YOUR INSTRUCTIONS:
Before returning the data, strip out the pictures and keep everything else exactly the same.

RECORDED DATA:
-- Opening Marker --
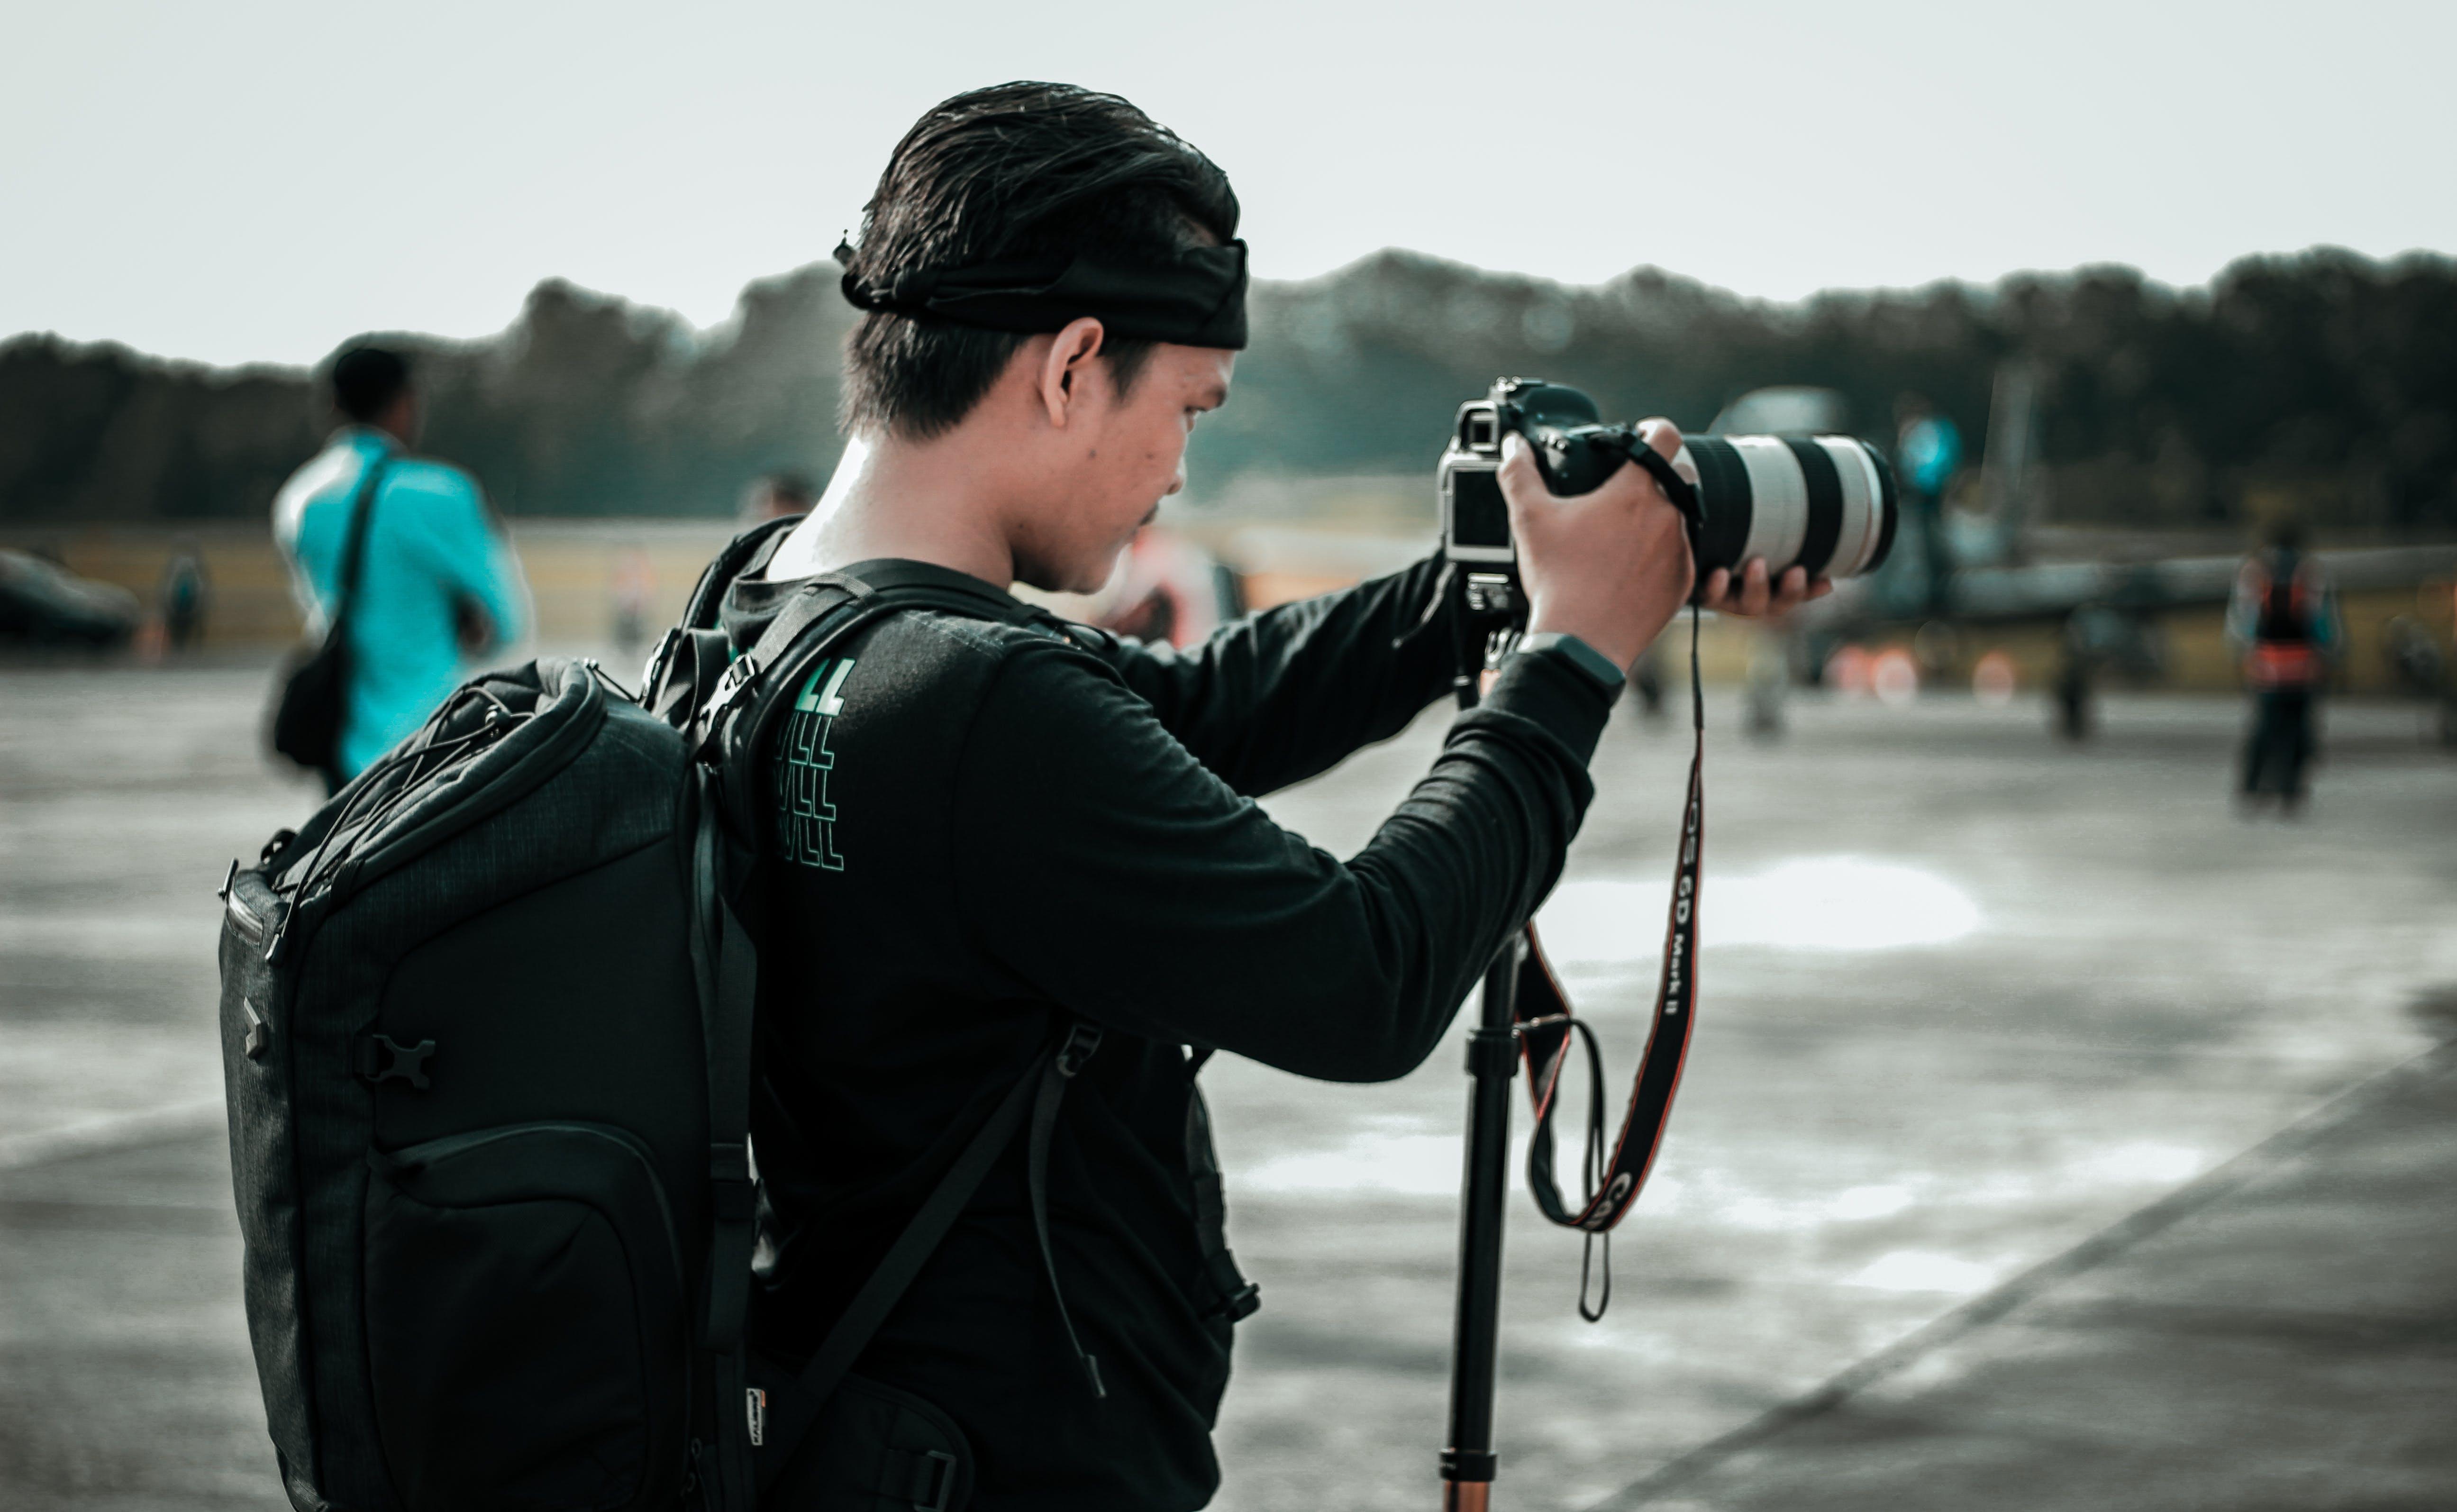 Focus Photography of Man Using Dslr Camera
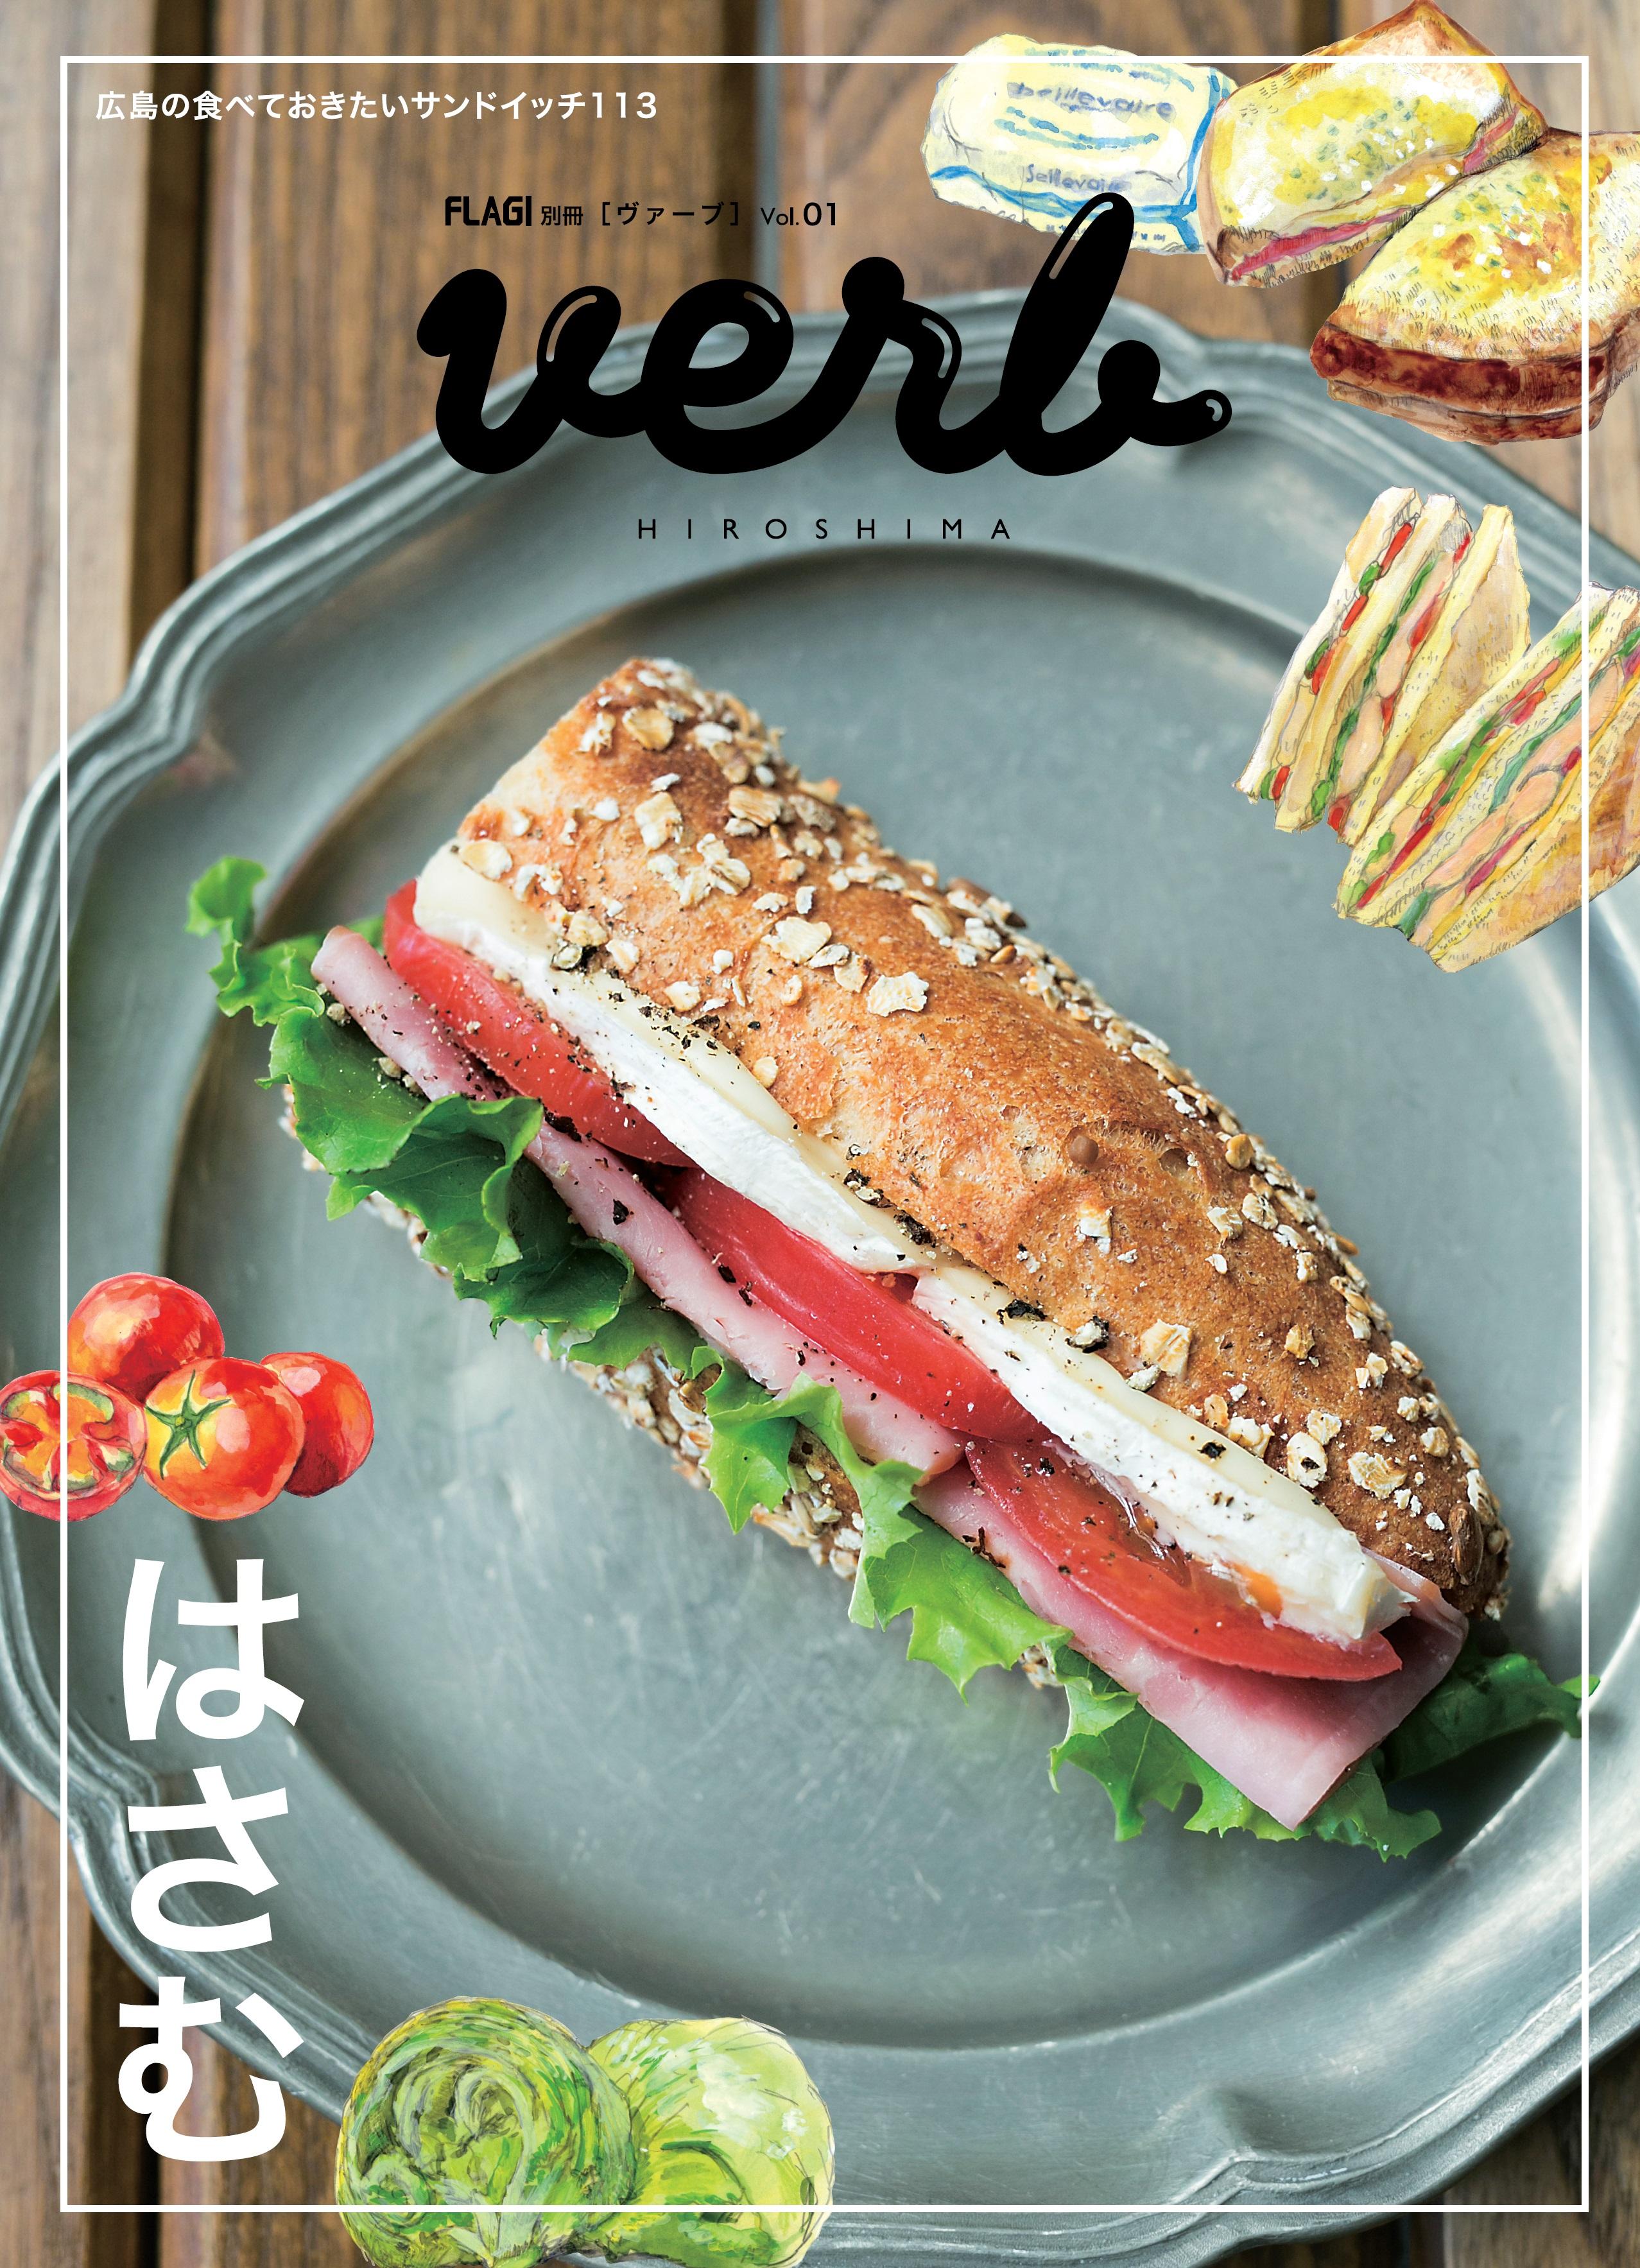 FLAG!別冊 verb vol.01 はさむ 広島の食べておきたいサンドイッチ113
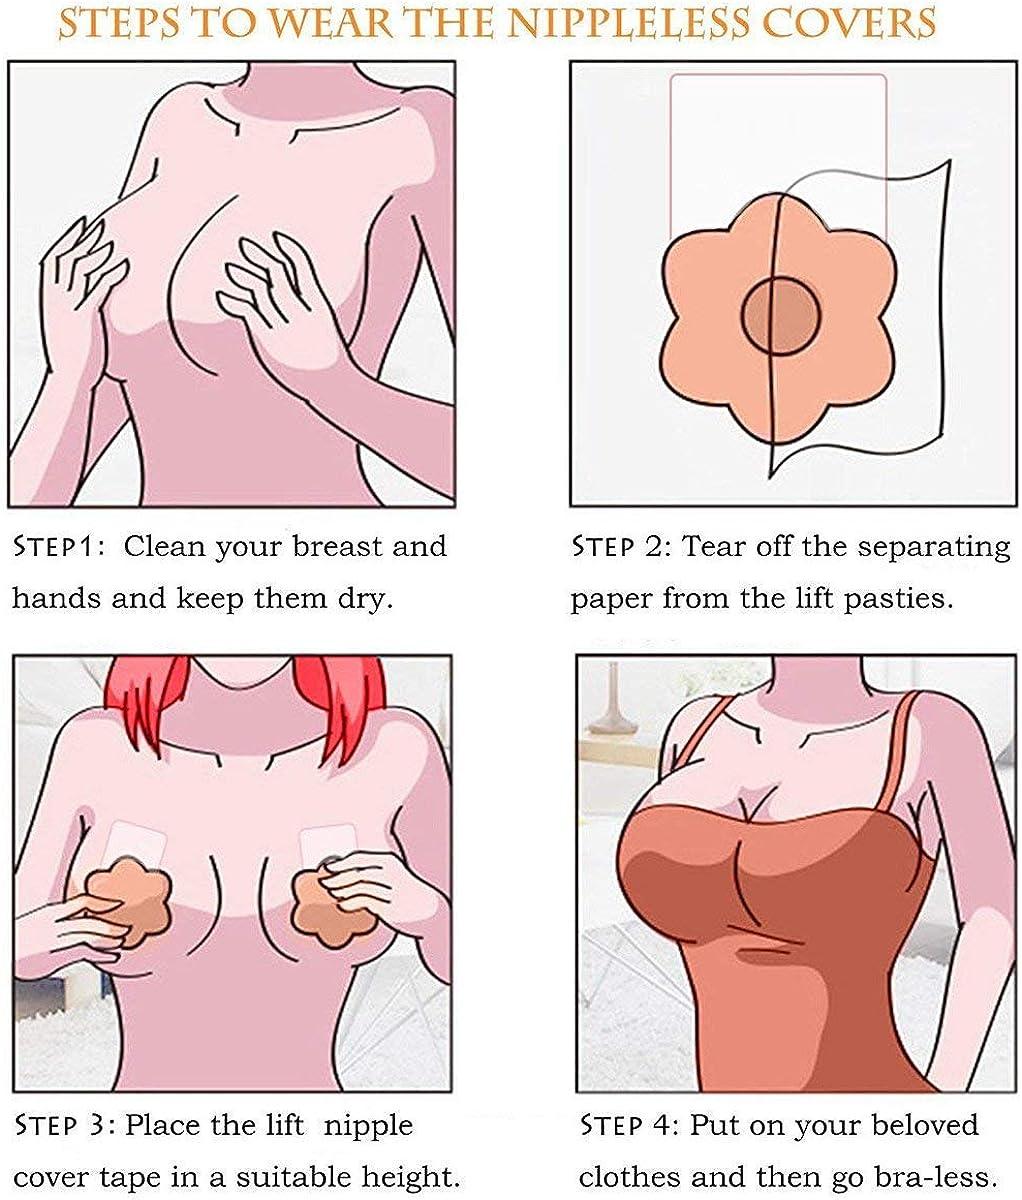 Flower+Round Womens Breast Lift Nipple covers Strapless Sticky Pasties Bra ,2 Pairs
-- Closing Marker --
RESPONSE BELOW:
 Focus Photography of Man Using Dslr Camera
 FLAG!別冊 verb vol.01 はさむ 広島の食べておきたいサンドイッチ113
 Flower+Round Womens Breast Lift Nipple covers Strapless Sticky Pasties Bra ,2 Pairs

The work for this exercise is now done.